2nd:"8.15.1.6 Sprinklers used in horizontal combustible concealedspaces (with a slope not exceeding 2 in 12) with combustiblewood truss or wood joist construction having a combustibleupper surface and where the depth of the space is lessthan 36 in. (914 mm) from deck to deck or with double woodjoist construction with a maximum of 36 in. (914 mm) betweenthe top of the bottom joist and the bottom of the upperjoist shall be listed for such use."

              """""" shall be listed for such use """"""""


----------



## cda (Aug 14, 2011)

Anyone seen these heads used????


----------



## JustReid (Aug 15, 2011)

I had not seen these heads yet.

Where is the draft curtain reference coming from? What (if any) issues are you seeing with them? (Other than another specialty head that probably costs more).

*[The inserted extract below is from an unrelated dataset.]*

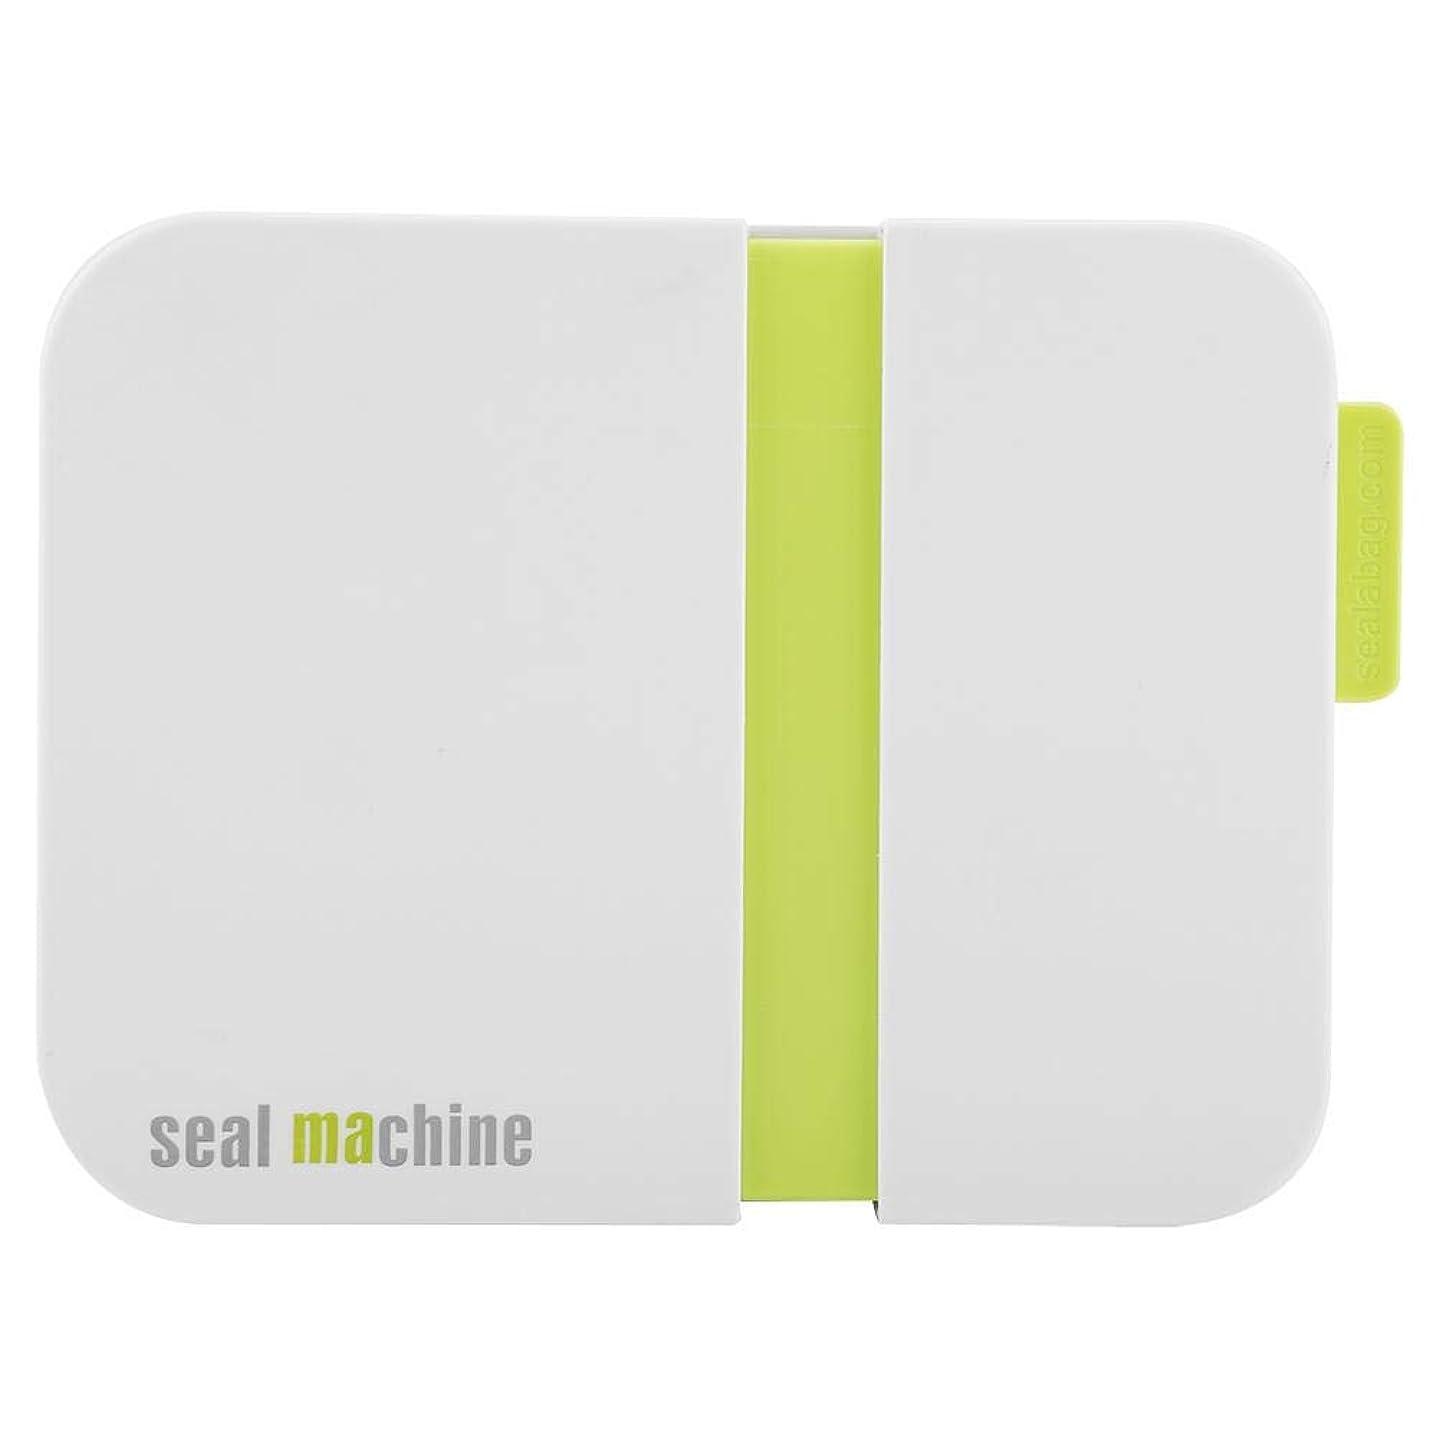 Bag Sealer, Fixable Household Portable Bag Sealer Food Sealing Machine Kitchen Tool
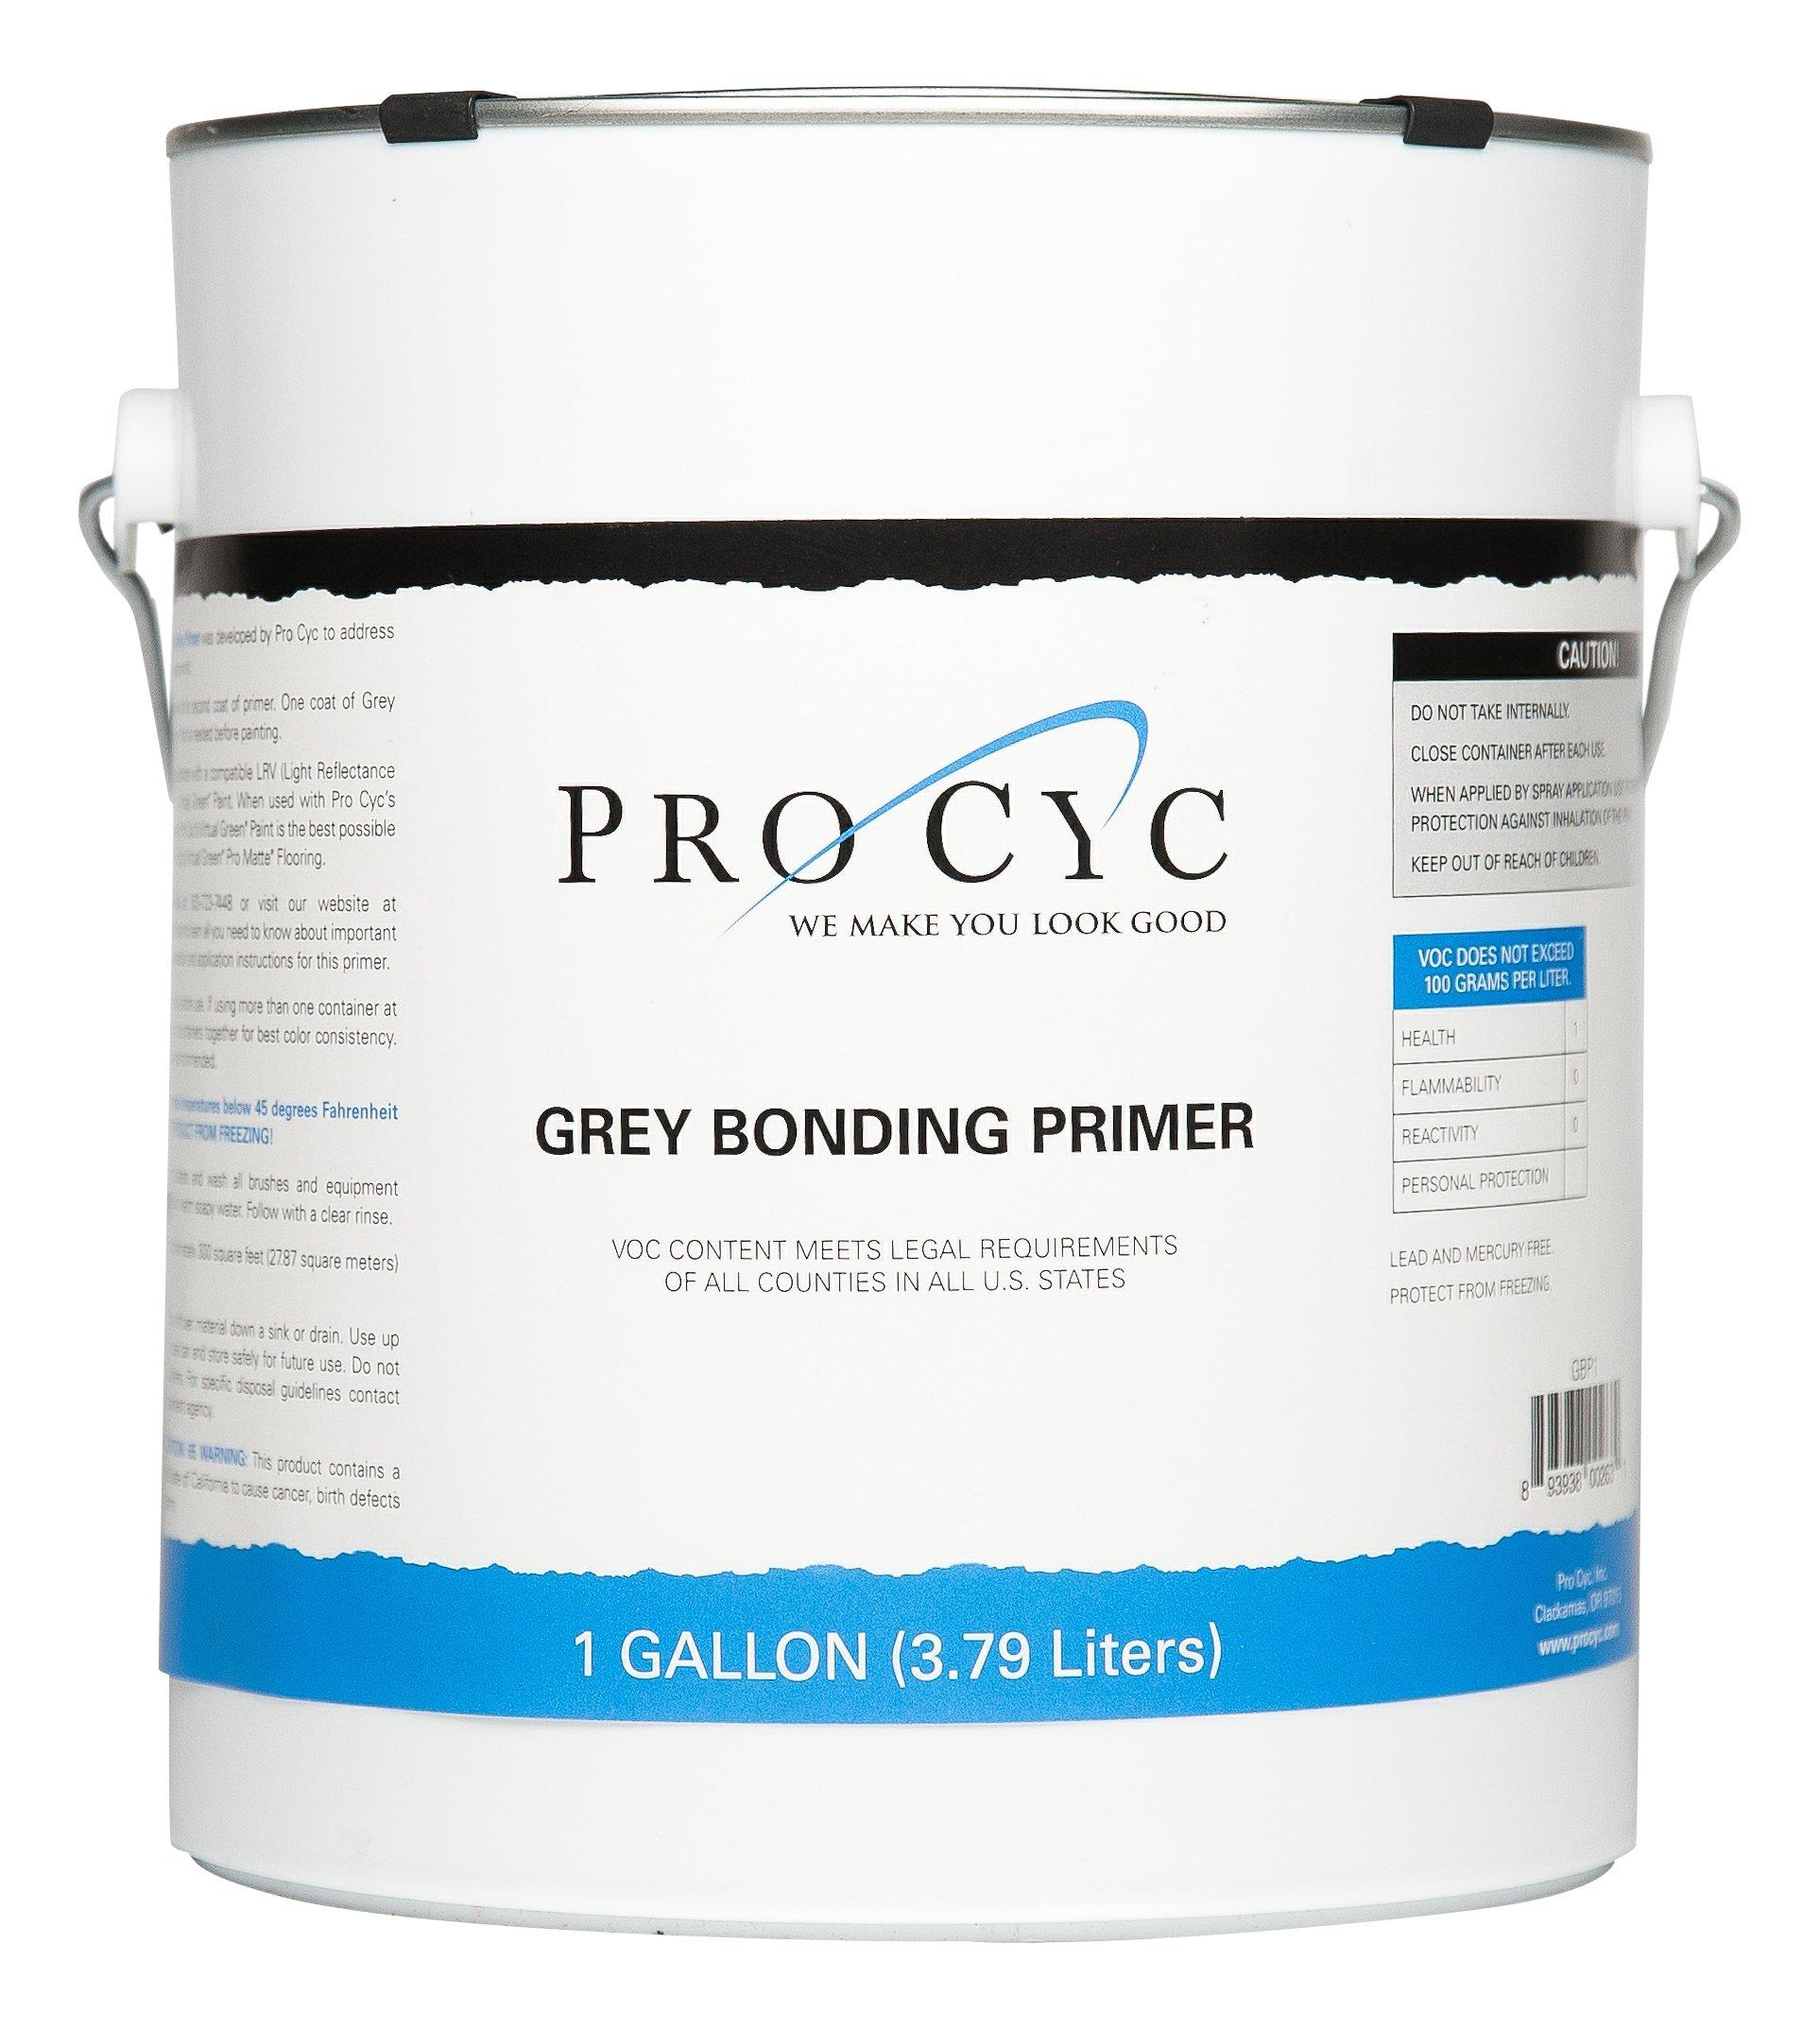 ProCyc GBP1 Bonding Primer for Use with Pro Cyc Virtual Green Chroma Key Paint

I imagine one of the big issues would be installers (and potentially plancheckers) missing this new requirement and maybe finding it during inspection.


----------



## cda (Aug 15, 2011)

It is a requirement as part of the listing and found in the sprinkler head spec sheet

This has been a requirement of nfpa 13 since 2002

Just found out about it


----------



## RBK (Aug 15, 2011)

I see them quite often.  They have been around at least 10 years, though the UL listings have been through some revisions.  I think the justification behind the NFPA 13 section was that they are more effective at protecting those type of spaces, partly because they are closer to the fire (max spacing is 12', instead of 15').  But I'm sure it didn't hurt that manufacturers have members on the committee and a code requirement certainly helps sell the sprinklers.  One of the benefits is that they can be used with CPVC piping in some situations.  Material costs are higher, but labor savings can often more than makes up the difference.


----------